» **GIVEN INFORMATION**
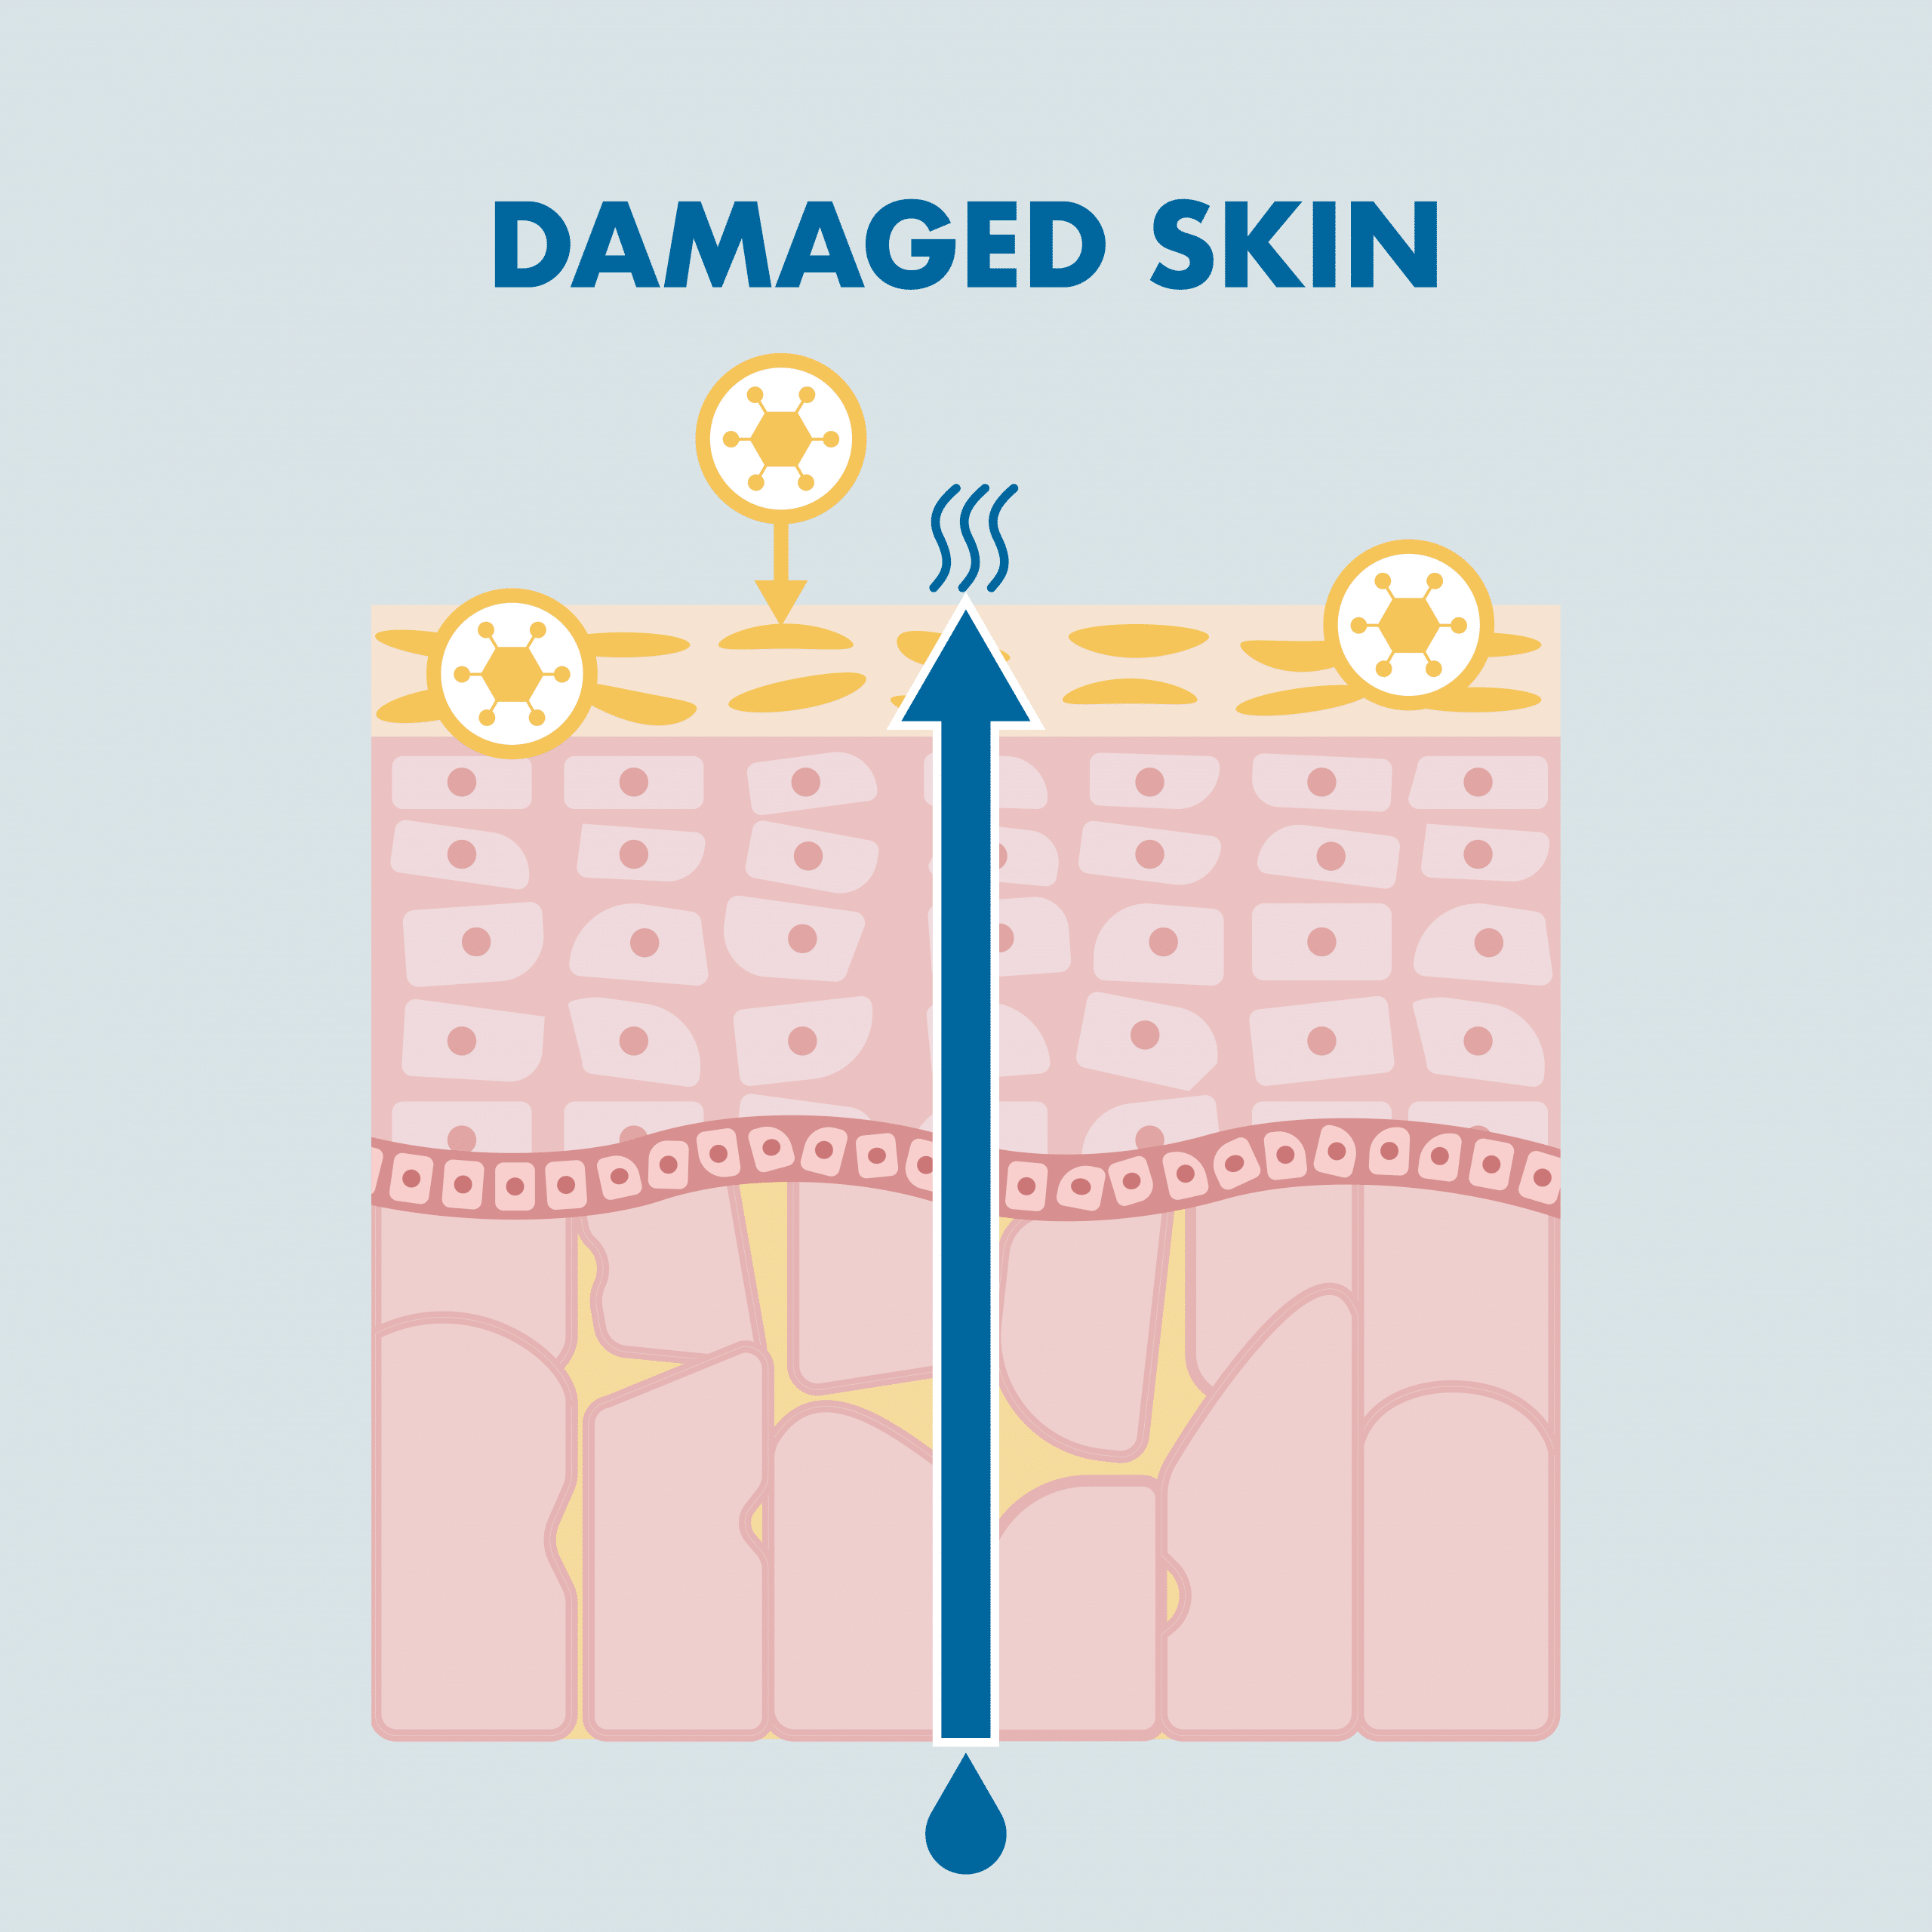 Damaged skin of the skin barrier
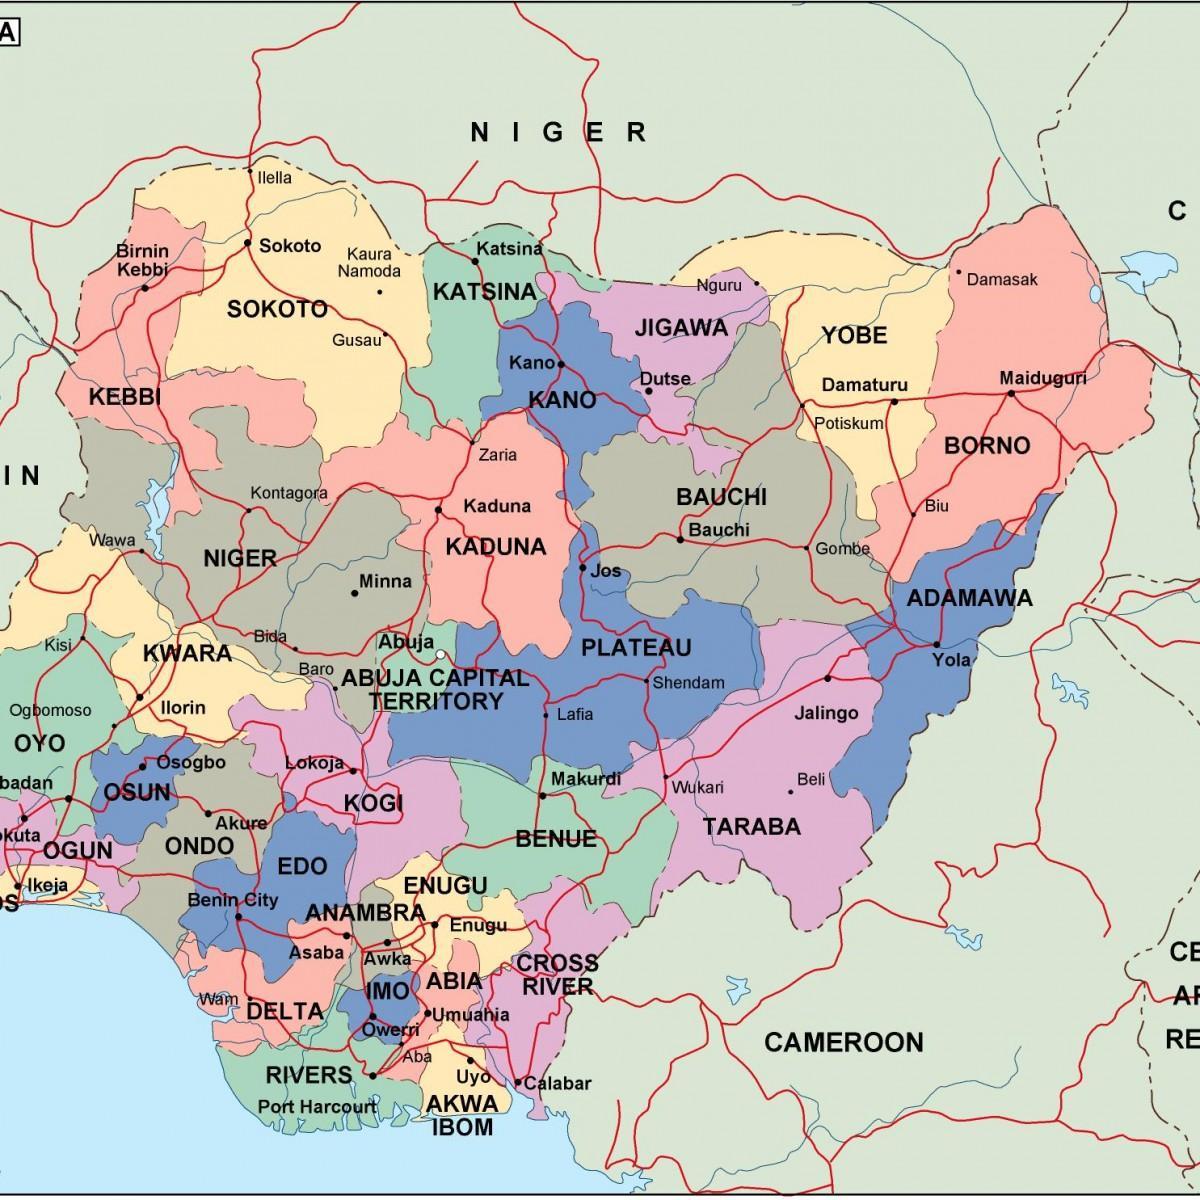 מפה של ניגריה עם מדינות וערים.
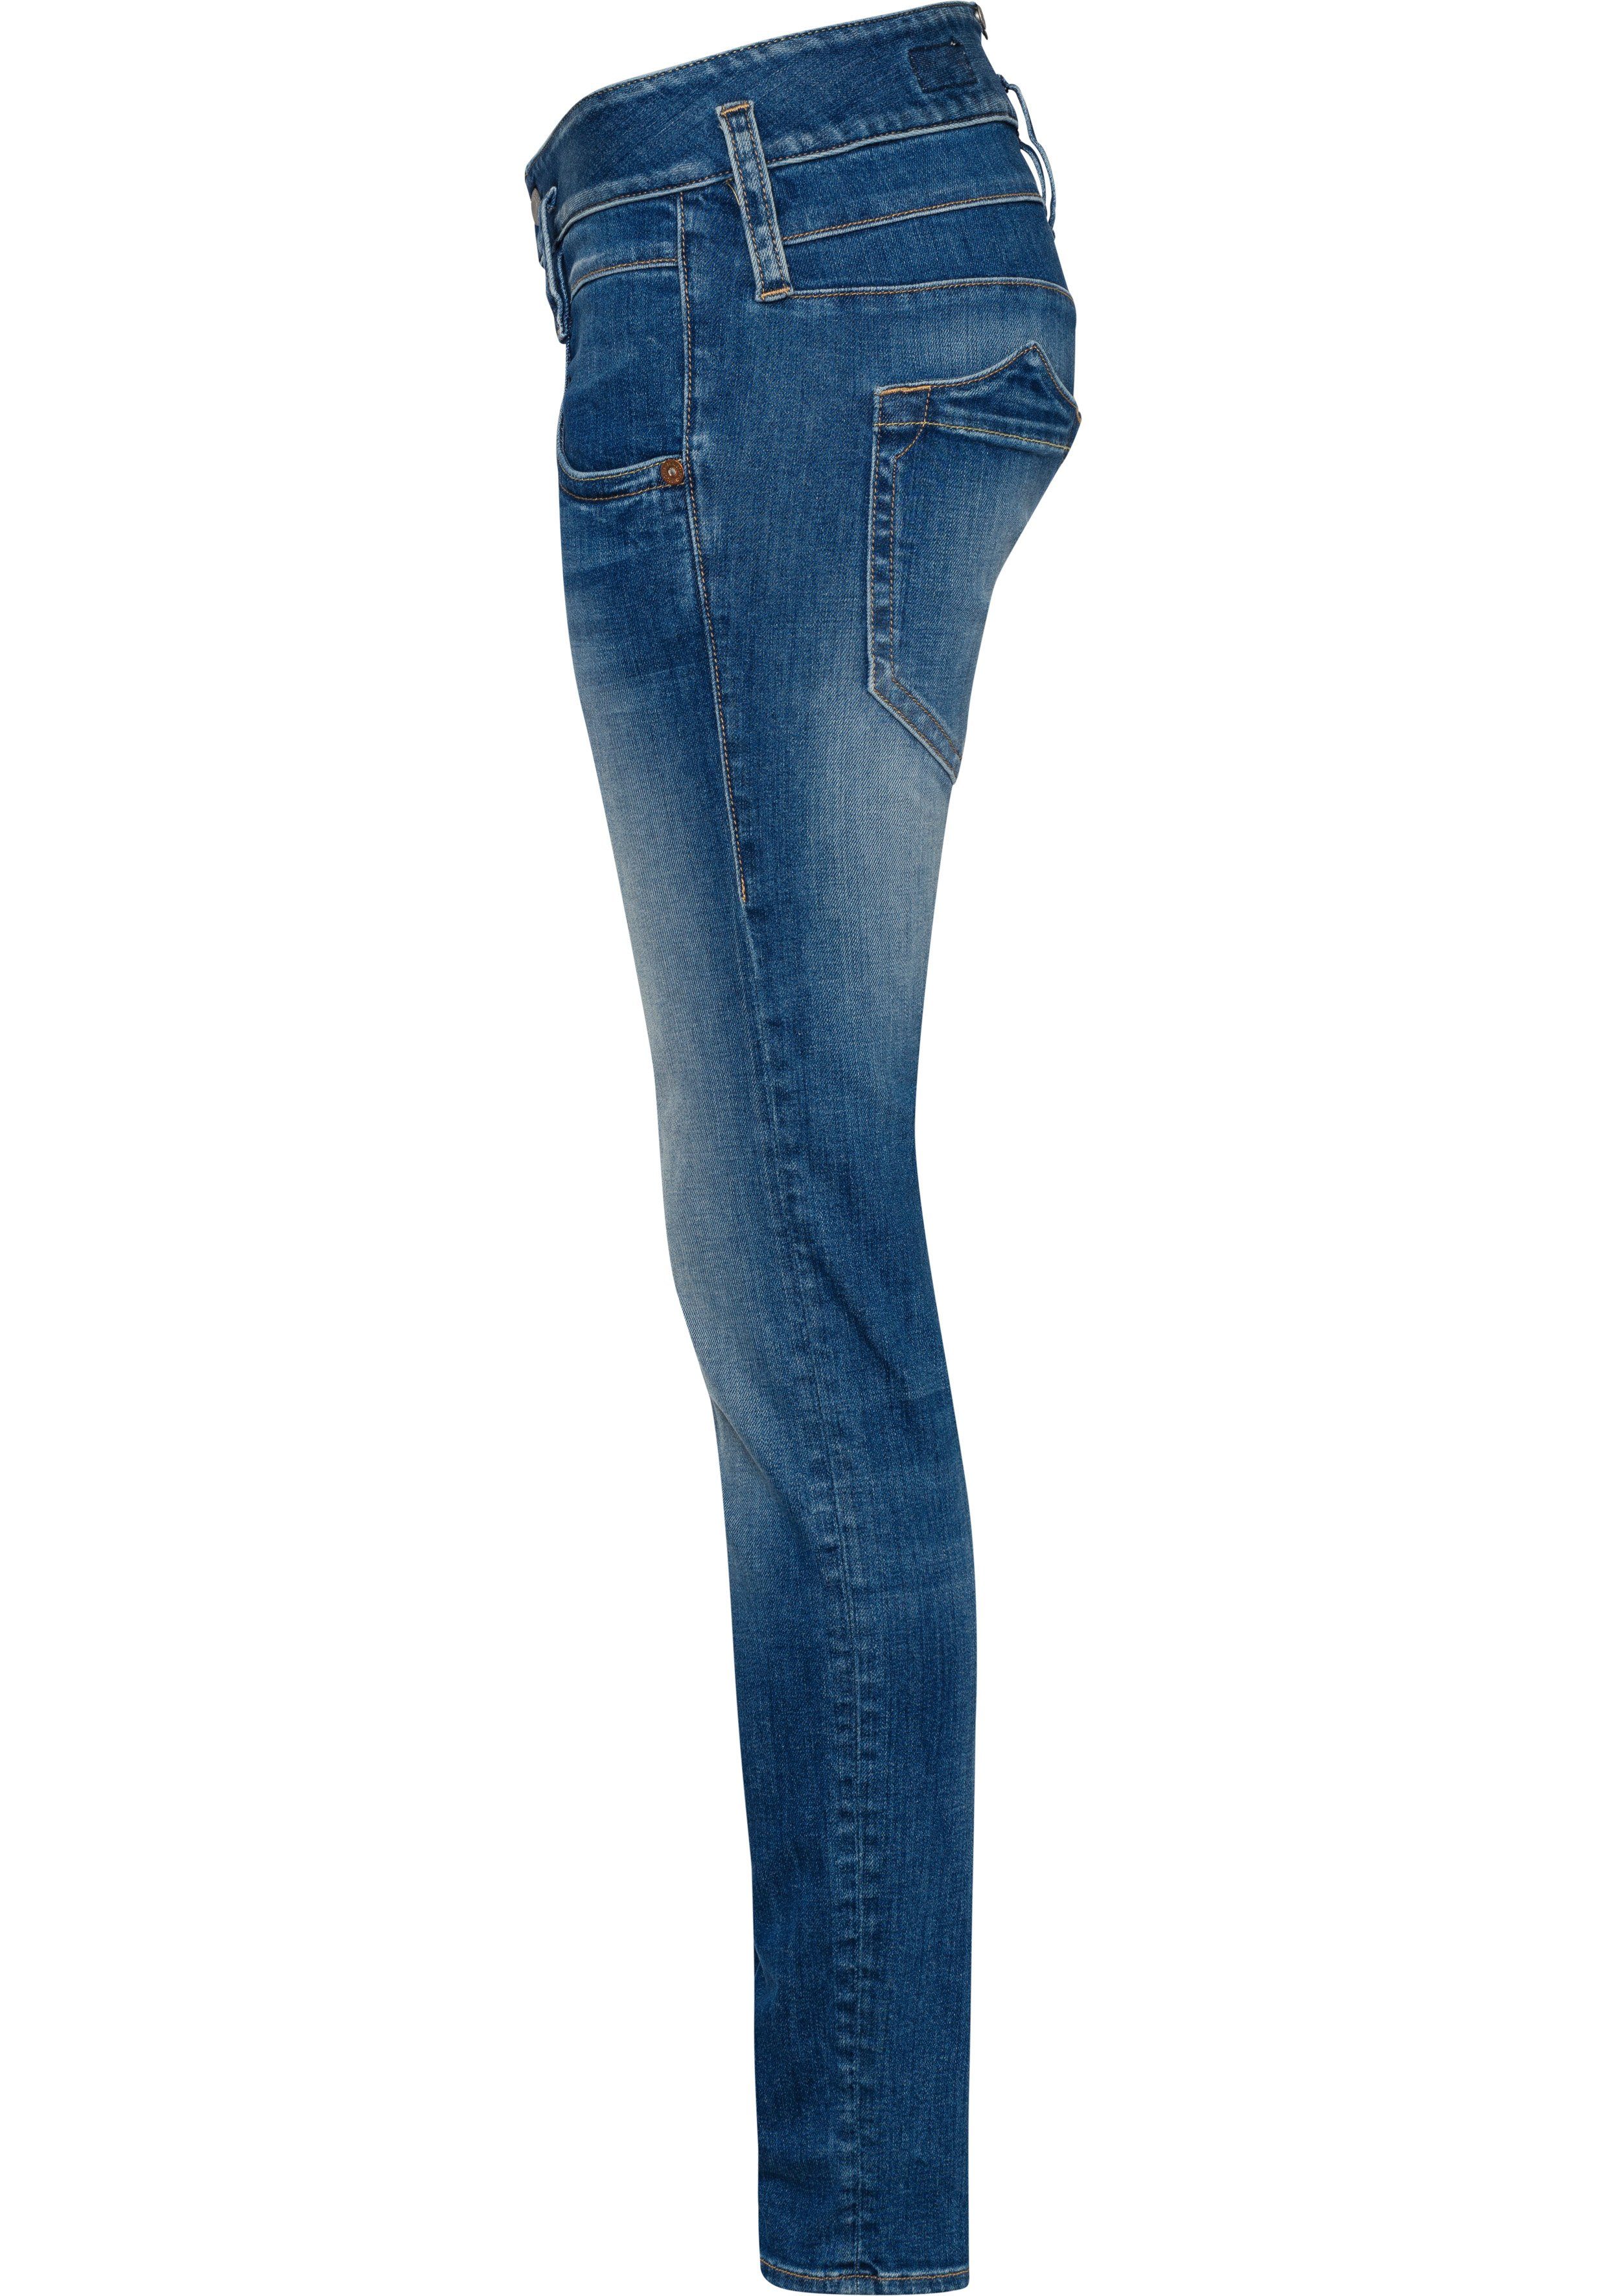 Herrlicher Slim-fit-Jeans PITCH SLIM ORGANIC sea 879 blue Vintage-Style Abriebeffekten mit

» **REQUIRED WORK**
Transcribe only the lines from the one holding "מפה של ניגריה עם מדינות וערים." through the last line of the listing above, inclusive, and do not include the pictures.

» **RESPONSE TO THE TASK**
 מפה של ניגריה עם מדינות וערים.
 Herrlicher Slim-fit-Jeans PITCH SLIM ORGANIC sea 879 blue Vintage-Style Abriebeffekten mit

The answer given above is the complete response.